А потом пришел к моему отцу и сказал:
– Брат, Сун Тинтин и Сяоцзюнь съездили в уездный центр, сдали анализы – лихоманки у них нет. Я скоро помру, ты уж придумай, как оставить их в Динчжуане. Нельзя, чтоб Тинтин снова замуж вышла, у меня на сердце будет неспокойно.
Дядя любил жену.
Любил этот мир.
Вспоминая, что с лихоманкой долго ему не протянуть, дядя начинал ронять слезы.
– Чего ревешь? – спросила однажды тетя.
– Я не смерти боюсь, – ответил дядя. – Мне тебя жалко одну оставлять. Как умру, выходи замуж, забирай с собой Сяоцзюня и уезжай.
А потом пришел к деду и сказал:
– Отец, Тинтин тебя послушается. Никто на свете не будет любить ее сильнее меня, никто не будет ее беречь, ты уж с ней потолкуй, уговори остаться вдовой, не ходить замуж во второй раз.
Дед не стал говорить с Тинтин.
Дед сказал:
– Второй, не спеши помирать, ей тогда и замуж ходить не придется.
Дед сказал:
– Всегда бывают исключения, вот говорят, рак тоже смертельная болезнь, а иные с раком и по восемь, и по десять лет живут.

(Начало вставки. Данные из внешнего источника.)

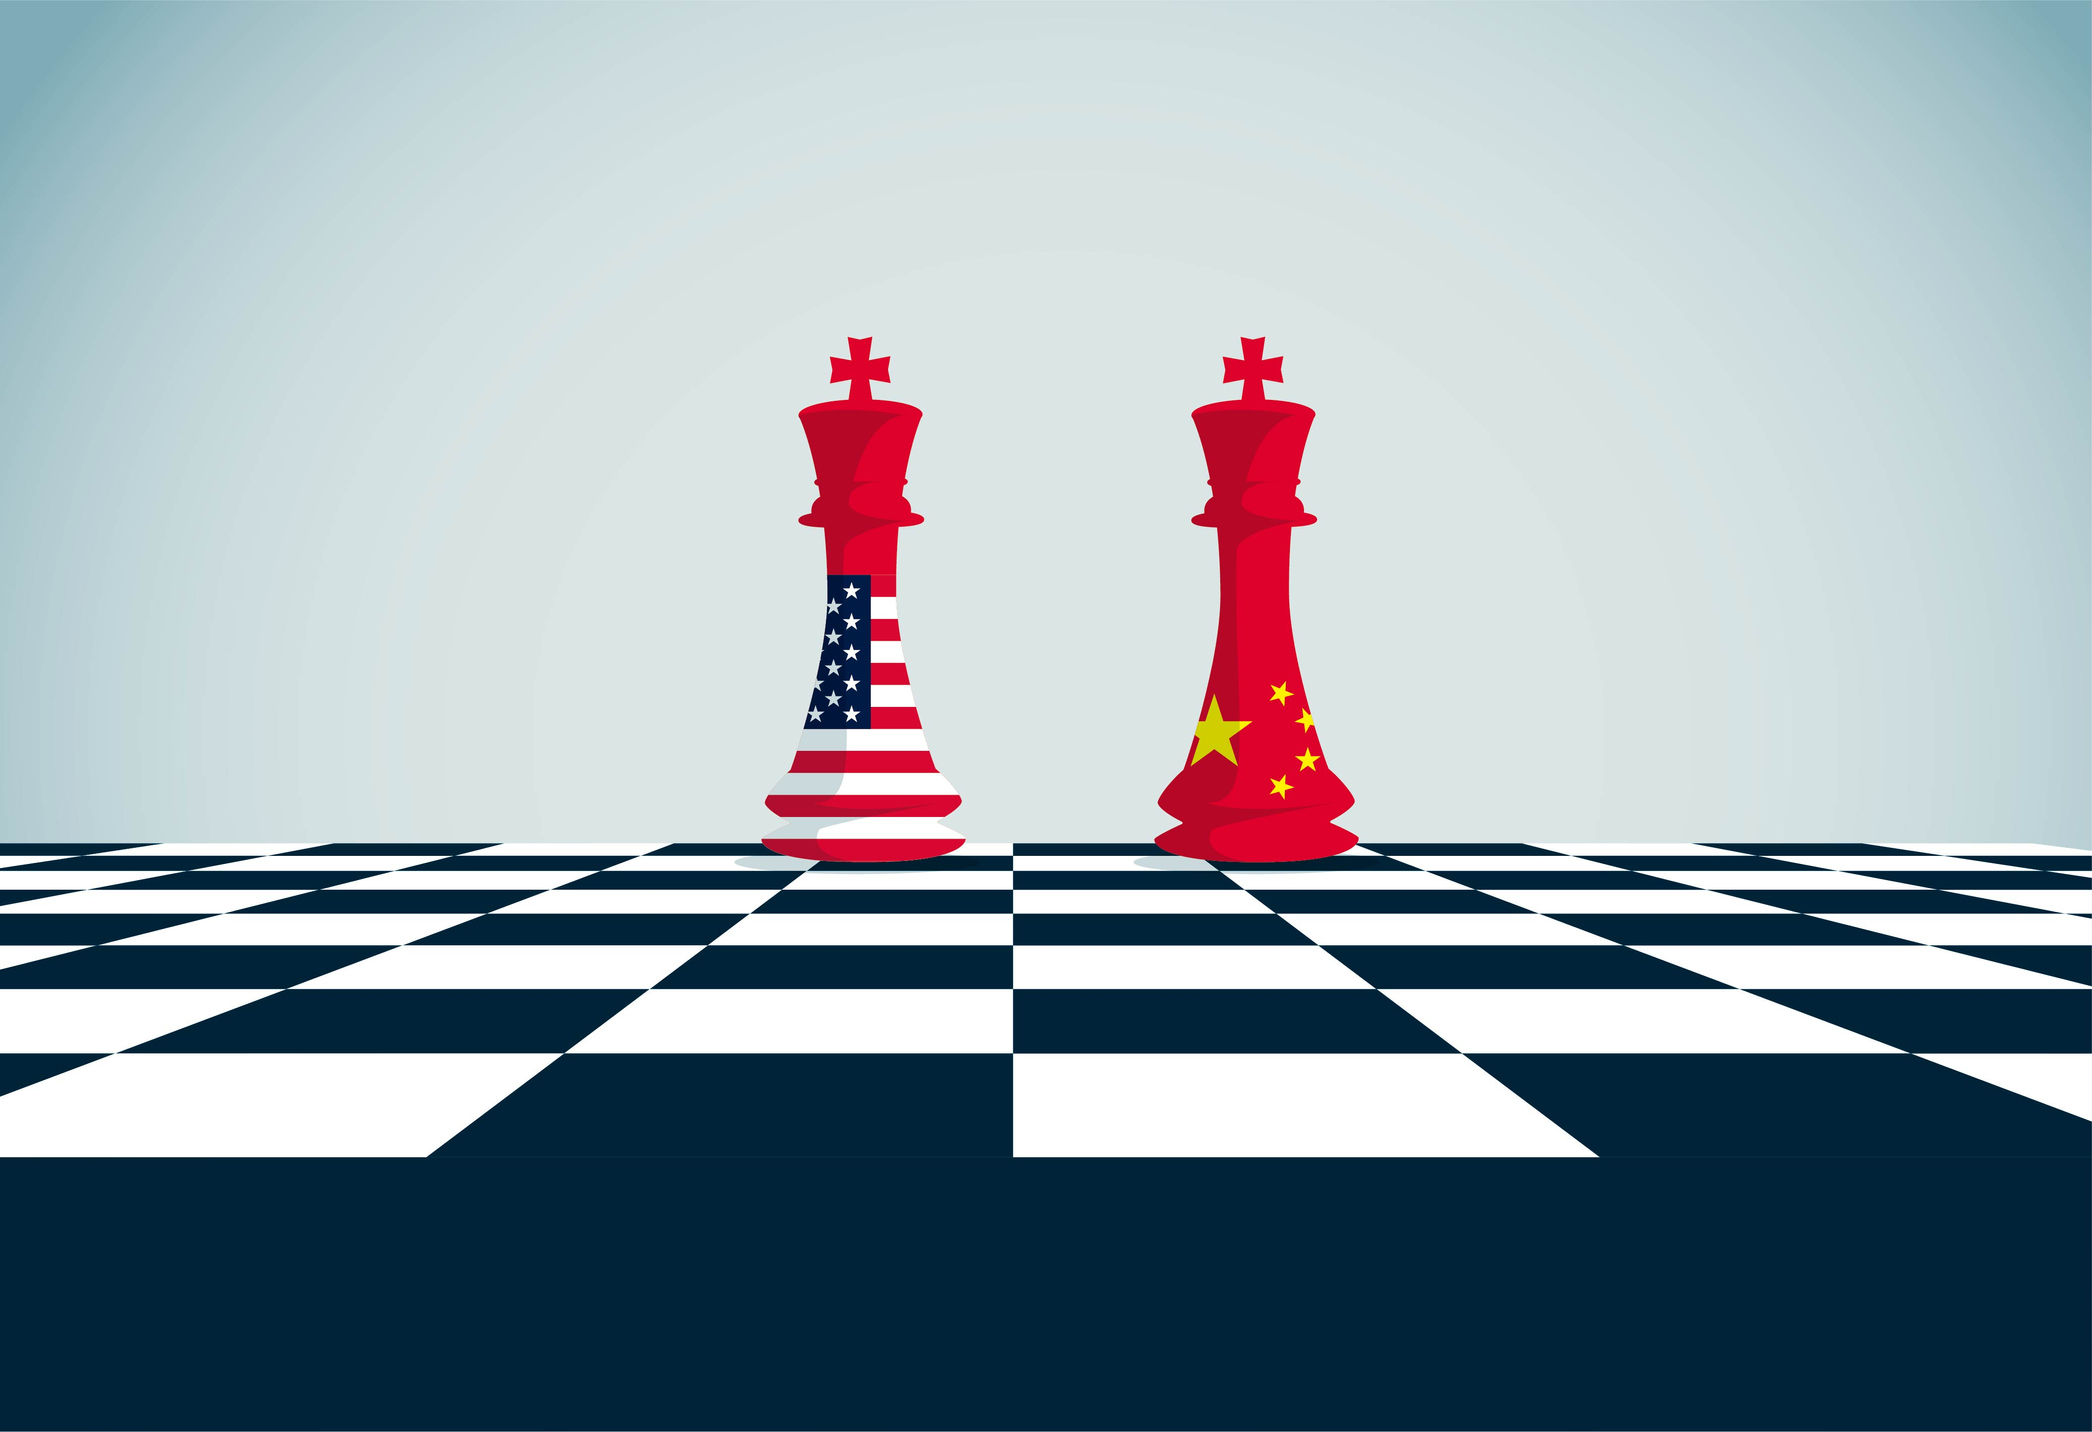 America and China on the chessboard

И дядя жил, мечтая стать исключением, за ужином снова съедал по две тарелки овощей с мясом, запивал двумя стопками водки. Дяде не было еще и тридцати, тете недавно исполнилось двадцать восемь, и больше всего в такой жизни дядю огорчало, что по ночам жена не пускала его к себе. Даже за руку не разрешала подержать, и дяде казалось, что с такими порядками и исключением становиться незачем. Хотелось с кем-нибудь поделиться этой напастью, но он не знал, как завести разговор.
Дядя любил жену.
Любил этот мир.
Но пока тетя уходила к деревне, а дядя стоял у школьных ворот, провожая ее глазами, она ни разу не обернулась на прощанье. А дядя все стоял, и глядел ей вслед, и кусал губы, стараясь не плакать.
Закусил губы и двинул ногой по булыжнику у ворот, а потом еще раз..
Людей в школе разом прибавилось. Дети ушли, и их место заняли взрослые, несколько десятков человек. Мужчины и женщины, от тридцати до сорока пяти лет. Дед велел больным разделиться, мужчины поселились в классах на втором этаже, женщины – на первом. Одни притащили из дома кровати, другие раздобыли где-то доски и спали на них, третьи вместо кроватей приспособили составленные рядом парты. Из крана в конце коридора без умолку журчала вода. По двору разливались голоса. Комнаты по обе стороны от водопроводного крана раньше были кладовками, в которых хранились сломанные парты и хромые стулья, а теперь кладовки превратились в кухни. У входа появилась чья-то плитка, у окна – стол для раскатки лапши, и в кухнях сразу стало не протолкнуться.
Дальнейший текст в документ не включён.